There aren’t many things that can’t be bought for $21 billion. Australia’s Sydney Airport is one of those things. This week the board of directors of the privately-operated, stock exchange-listed airport turned down a AUS$22.8 billion buyout offer from a consortium of international investors; it was the group’s second rejected bid.

Very few economic sectors were harder-hit than airports by the global Covid-19 shutdown that has extended well into this summer. At the peak of the pandemic’s first wave, commercial air traffic was down by as much as 90 percent and most airports around the world were forced to drastically curtail operations and implement huge layoffs; some shut down altogether. (Recall that Canada closed all but four of the country’s airports to international traffic in 2020.) Given Australia’s numerous snap lockdowns and a continuing ban on international air travel until 2022, that country’s airports have been no strangers to this pain.
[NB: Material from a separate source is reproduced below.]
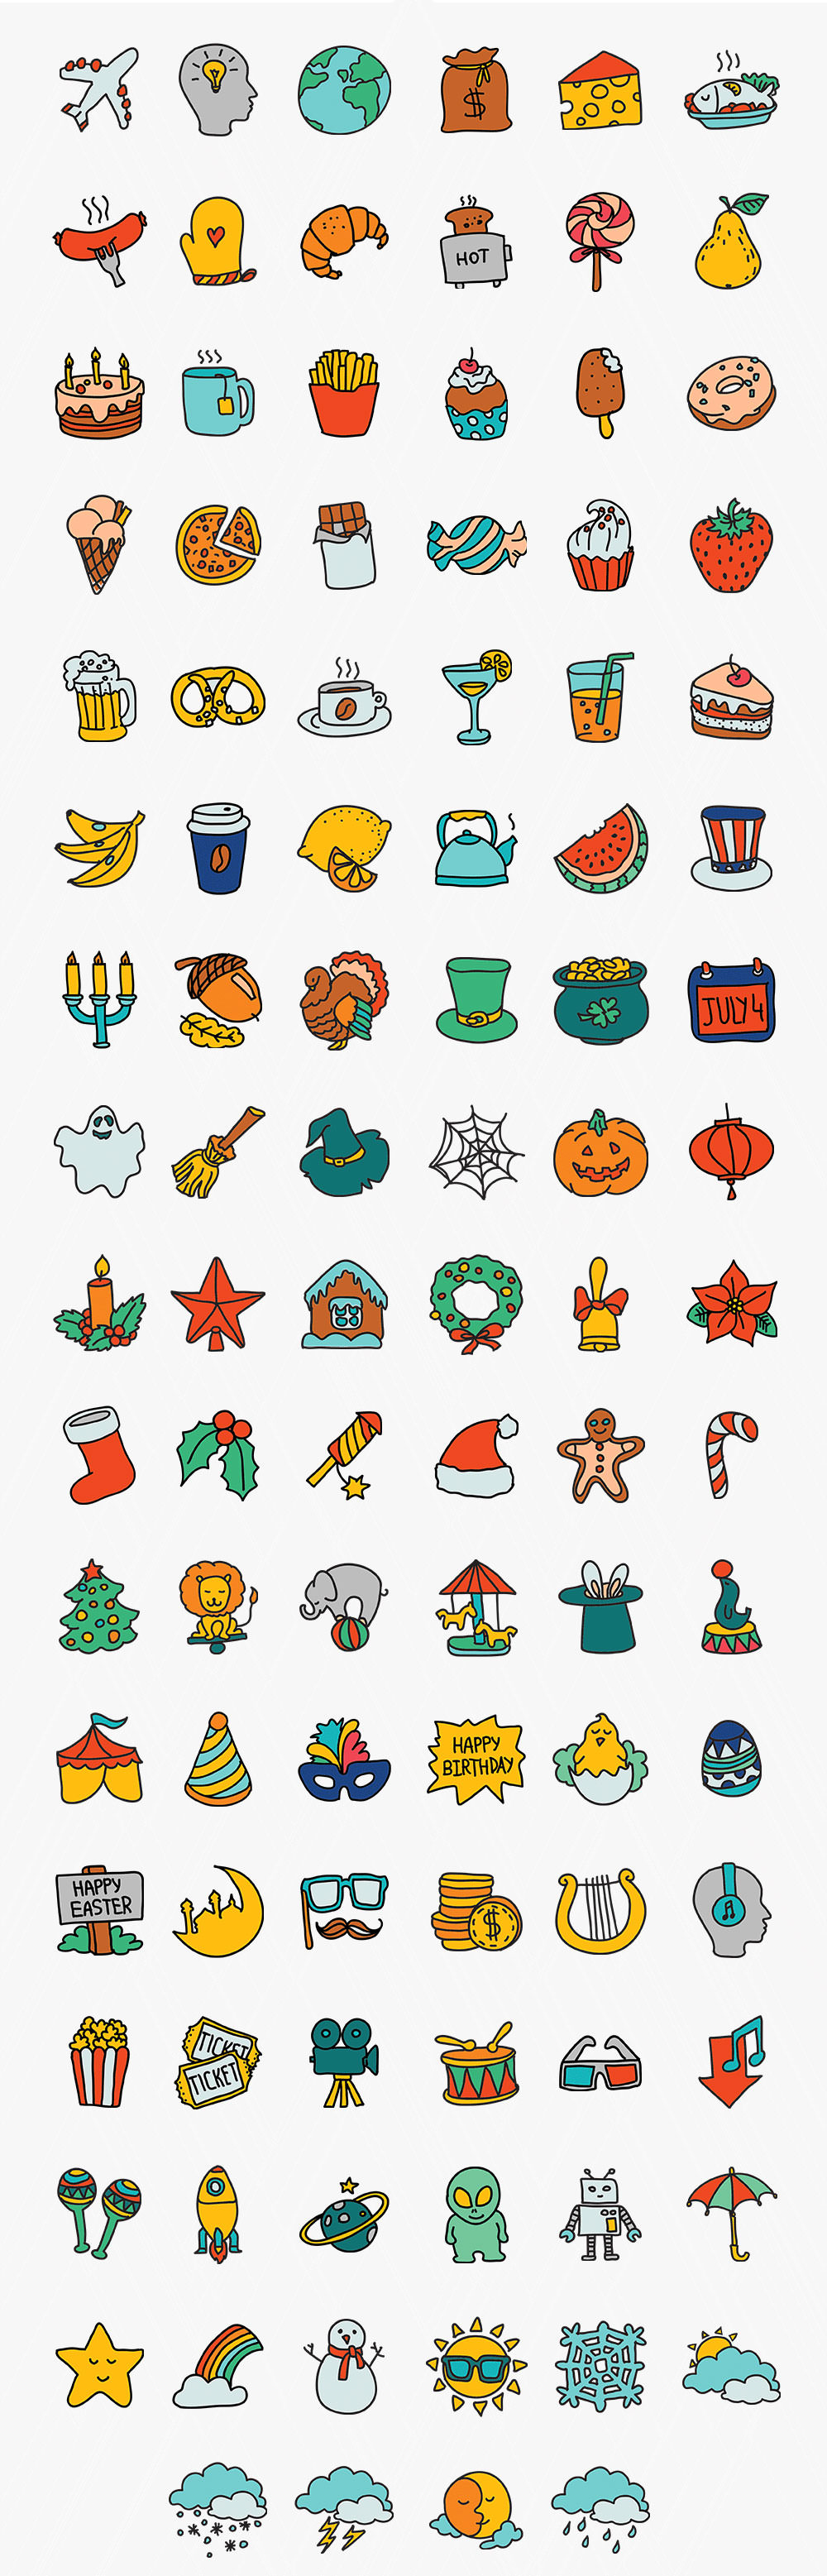 doodle-icons

The surprising interest in Sydney’s airport suggests savvy institutional investors have already factored in the impact of the pandemic on the industry and are looking far into the future. And not just in Australia. While global deal-making may be down for obvious reasons, airports continue to be highly coveted assets. Last year Aéroports de Paris, the world’s largest airport company, bought 49 percent of India’s GMR Airports. During the pandemic, new privately-owned or operated airports were also opened or announced in Chile, Bulgaria, India and Guinea. And this past April Brazil sold 22 small regional airports in a heated auction that earned substantially more than the government had been expecting.Yet the owners of Sydney Airport sniffed at last week’s eye-popping $21 billion offer, even though it represented a nearly 50 percent premium over the company’s pre-bid market capitalization and was at the very high end of conventional airport valuations. “Sydney Airport is strongly positioned to deliver growth as vaccination rates increase and we move into the post-pandemic recovery period,” the board said in response to the consortium’s first bid in July. Higher offers from other groups are expected shortly as a bidding war takes shape.

“These developments suggest investor interest in airports has survived 2020’s huge downturn in air travel and infrastructure investors are taking a long-term view of airports as revenue-generators,” says Robert Poole, director of transportation policy at the Washington, D.C.-based Reason Foundation and author of an annual report on the worldwide state of airport privatization. He calls the action over the Sydney airport a “dramatic sign” of renewed attention being paid to airports’ investment possibilities. “Here was an offer right at the top-end of previous valuations,” Poole marvels in an interview. “And it was rejected!”

But if Sydney’s airport is worth much more than $21 billion following the worst year in the history of air travel, what might Canada’s airports be worth? And why is no one talking about buying or selling them?

The North American Oddity

Canada’s airports suffered through an existential crisis every bit as bad as Australia or elsewhere. Perhaps worse, considering that bankruptcy was openly discussed for some hard-hit airports and with revenue losses across the sector estimated at $5.5 billion. Only after a hefty federal government bailout, more debt and the recent rebound in domestic air travel has the immediate sense of panic abated. Yet the long-term sustainability of Canada’s airport sector remains an open question due to several significant and enduring problems.

Perhaps the most important development in global air travel over the past several decades has been the growing role of the private sector in airports – either as owners or long-term lease holders. According to Airports Council International, 75 percent of all air travellers in Europe during the pre-Covid era flew through privately-run airports. In South America, the figure is 66 percent. In Asia, it’s nearly half. Yet North America remains a curious exception to this trend. A mere 1 percent of air travellers in Canada or the U.S. transited via a private sector airport.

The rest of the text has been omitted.